Best practice for rapidly changing vtkImageData?

lassoan · July 13, 2020, 1:35pm

In 3D Slicer, we do a lot of 2D+t and 3D+t image sequence visualization in slice views and volume rendering, using the approach that @dgobbi described above (load the entire sequence in host memory, set up the visualization pipeline, and just update the image voxels using memcpy).

If you choose this technique then make sure you use TBB, because overhead of creating threads for extracting a single slice using image reslice filter is enormous. The improvement is particularly dramatic if you use a CPU with many cores and discrete NVidia GPU (probably because creation of dozens of processing threads per second confuses Nvidia’s threaded optimization heuristics).

On a desktop PC, for a 256^3 volume, we can reslice and display dozens of slices at 30fps (our view refresh rate). If we add rendering of the volume in one view, then rendering drops to 26fps, if we render in a second view as well then we can update all views at about 23fps.

We chose to use this approach due to its simplicity and flexibility. However, we did some feasibility tests and confirmed that we can get 100+ fps volume rendering by uploading the entire 4D volume to the GPU and use one of these methods:

“filmstrip” technique: use a single actor, concatenate all 3D volumes into one large 3D volume along a chosen axis, set up clipping planes to show only a single volume, and switch between time points by changing the origin of the actor
multi-actor technique: add an actor for each 3D volume and switch between time points by changing visibility of actors (always show only one actor at a time)

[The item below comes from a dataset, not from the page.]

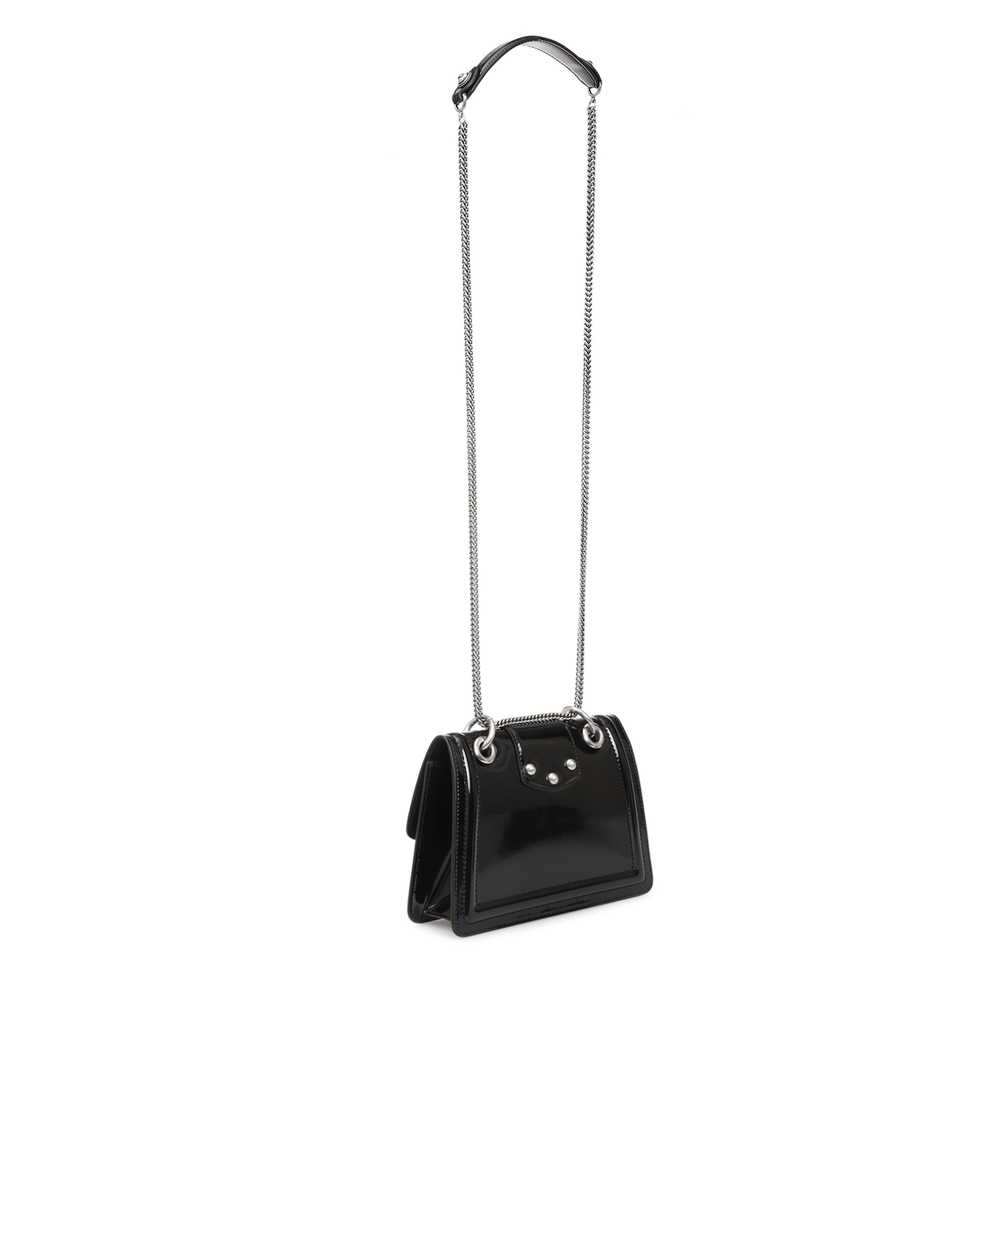 Кожаная сумка DG Amore Dolce&Gabbana BB6676-A1037, черный цвет • Купить в интернет-магазине Kameron
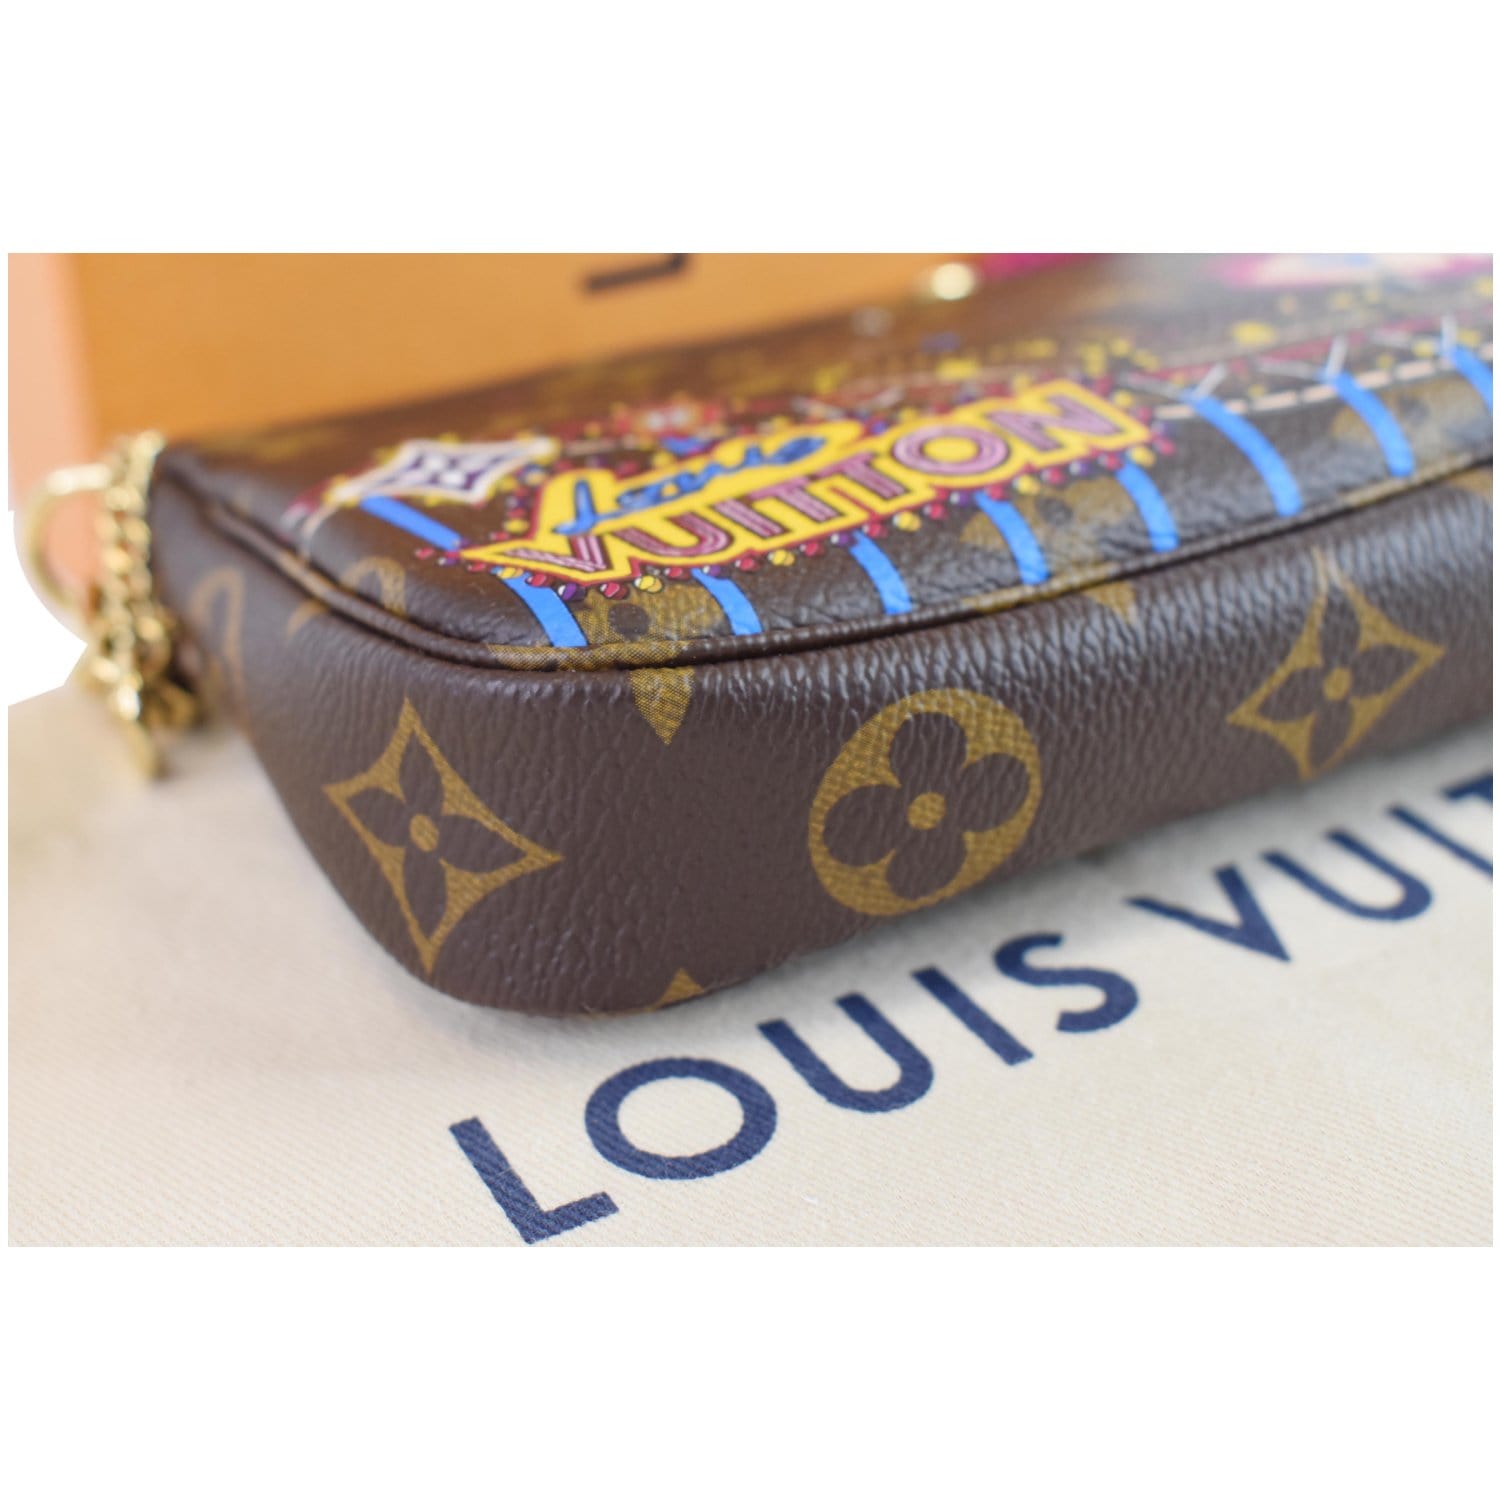 Louis Vuitton Mini Pochette Accessories⁣ Monogram Christmas – Coco Approved  Studio

When we showed these technique to clinicians, rendering was so fast that they asked us to please slow it down. This was the first time ever I heard clinicians complaining about volume rendering being too fast.

Yes, extraction of a slice is done on the CPU and only the necessary slice is sent over to the GPU. This may be faster than transferring the entire volume to the GPU at each time point. However, if you need to do volume rendering then you need to transfer the volume anyway and so then it would be faster to reslice in the GPU. We created a set of VTK classes that allows running part of the display pipeline on the GPU, but there was no much interest from the VTK community, so we did not invested too much into this idea further.

Profiling of this is hard, even in plain C++ environment. We see a lot of time spent in various threads of the graphics driver and in system calls. There is no obvious bottleneck in VTK.